If you see the problem here, it's very simple to understand that an administrator account of Domain Controller was used to access an SQL Database server and for which you were able to extract the ticket. Now when it comes to recommendations I'd advise as follows.

These are general recommendations which should be taken care by every administrator.

  1. Use of Local Administrator Account should be preferred instead of Domain Administration Account's password being sprinkled everywhere. If somebody can do this for every server they would save themselves from such incidents.

  2. All the servers (at the minimum) should be set to "Not Cache Credentials" This can be done from Computer Configuration\Windows Settings\ Security Settings\Local Polices\Security Options\Interactive Logon: Number of previous logons to cache. Set it to 0.

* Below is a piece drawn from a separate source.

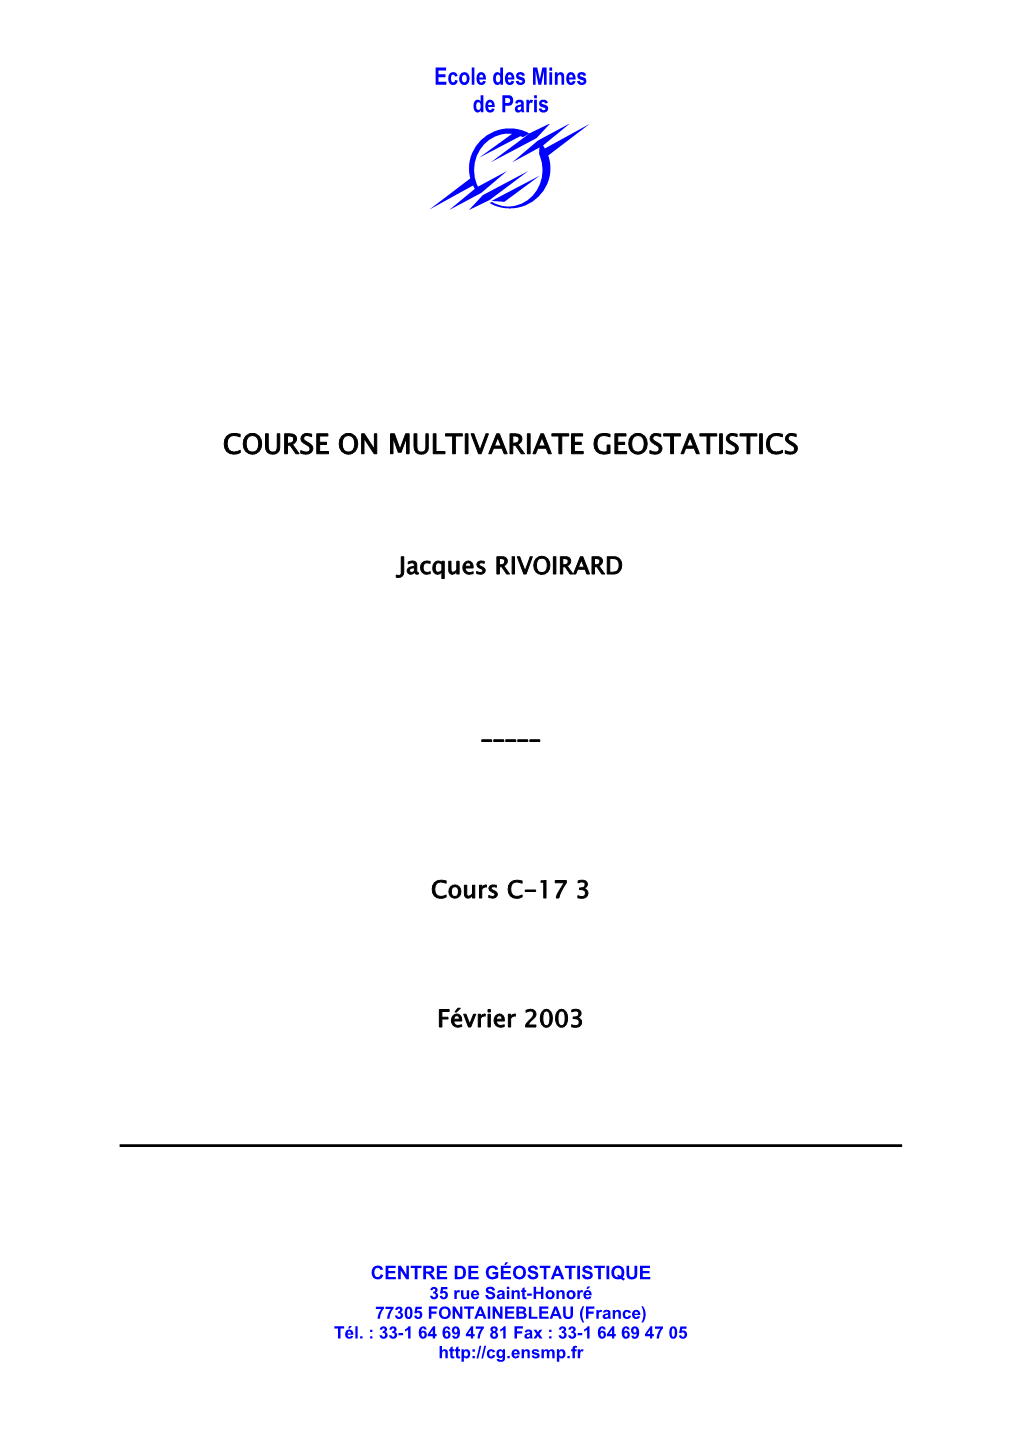 From Rivoirard, Course on Multivariate Geostatistics

The problem with point 2 would be that if AD isn't available users might not be able to login. So here is a bit of trade off that should be considered.

  1. Administrators should use separate accounts for their administrative tasks.

What other recommendations are there?

I have shared above.

Use credential guard to protect against dumping of kerberos tickets

Yes this should be used and It is also recommended to have a proper SIEM tool and configured in a way to detect such attempts so proper actions can be taken in time.

What is the correct/secure way to log onto the DC? I assume a jumpbox?

Follow the above recommendations and Jumpbox is one additional layer that can be used.